Load balancer readiness checks can easily climb to 10 health check requests per second per target node on a large cluster. Google's CDN health checks and Fastly's health checks run multiple times per second per target node (because each load balancer edge does them independently.) (In the past I've also worked with systems that do this internally, totaling a thousand health checks per second cluster-wide for a single service.)
I was thinking of a much cheaper, non-recursive check, where you don't do any external IO. That ensures you scale well, at the cost of not catching as many failures as you could. It's probably fine to start with almost nothing (no really, just "return 200;" - even that checks the config options caused it to start up and stay up and the listening socket is alive, which is 90% of what you want to know about in Kubernetes.) You can add on little process-local flags that need to be true later on as you find things that are good reasons to say "this horizon process cannot serve useful traffic right now." Things like: "do I have an open changefeed open on my collection config", etc.

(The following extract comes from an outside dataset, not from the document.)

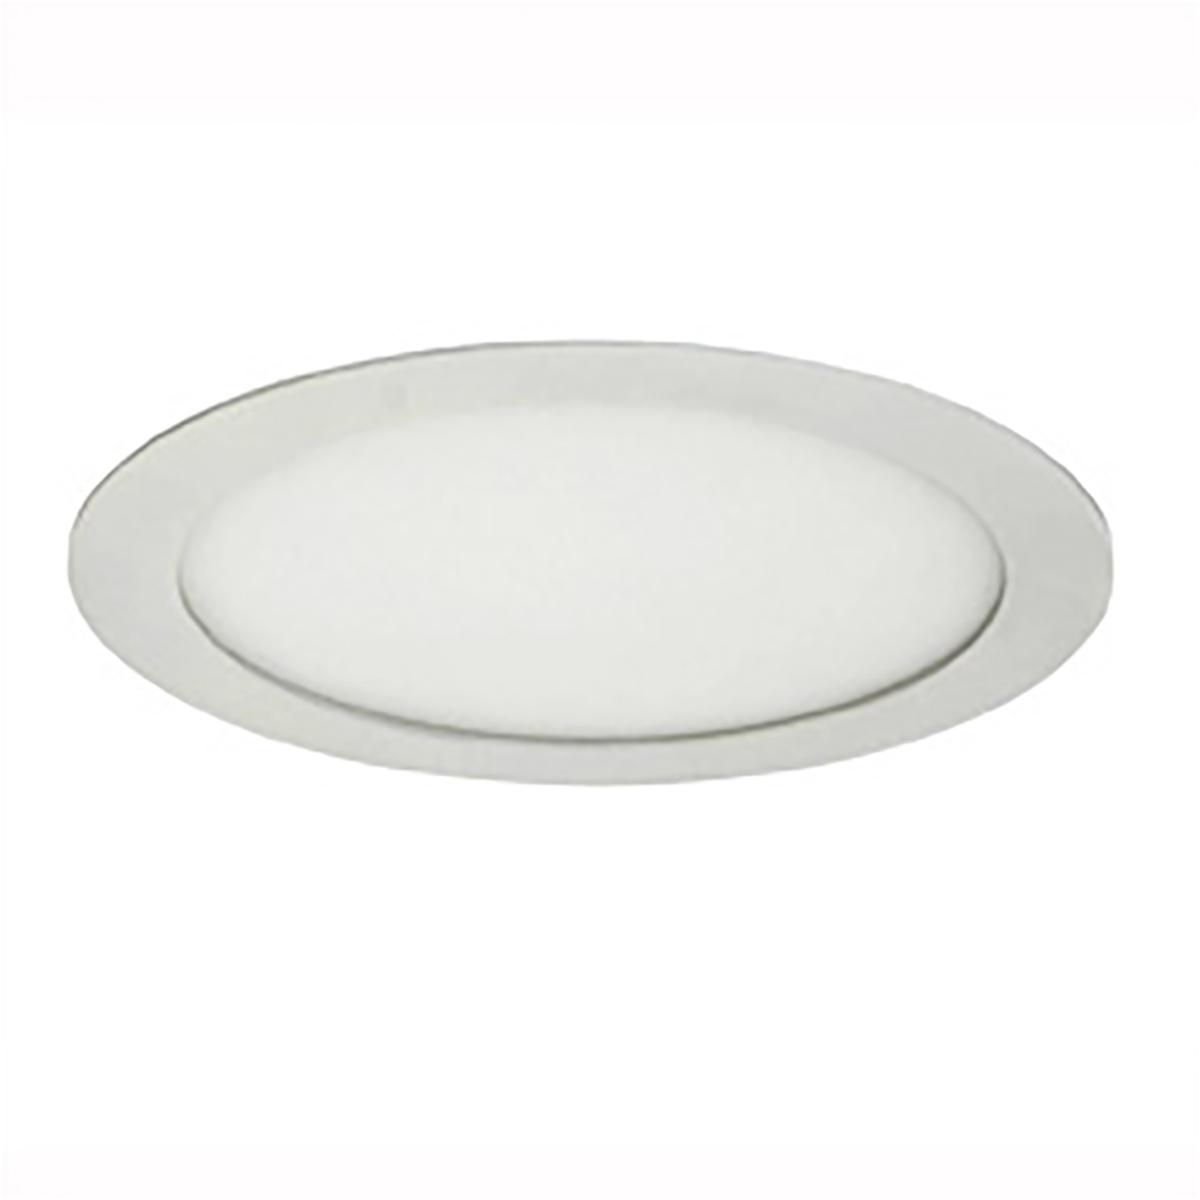 להפליא פנל לד שקוע עגול – גולדן לייט תאורה – יבוא, יצור ושיווק גופי תאורה UQ-67

Also because it'd be a cheap check, no authorization would be needed.
I think the health_check
gem's full stack check approach is interesting and very, very useful if you're not doing your own alerting, but it's not what I intended with this issue.
I think the plugins branch has grown a proto-plugin for this.
This endpoint (say,
/horizon/healthy
) would return a 200 if the server is up and connected to rethinkdb, ready to serve user connections, and a 4XX/5XX response if it is not.This would make automated deployment and updates easier, both on bare metal (where haproxy or a hardware load balancer would check each node for health) and for infrastructure management tools like Kubernetes (where a readinessProbe/livenessProbe would check each pod, during updates and during continuous operation.)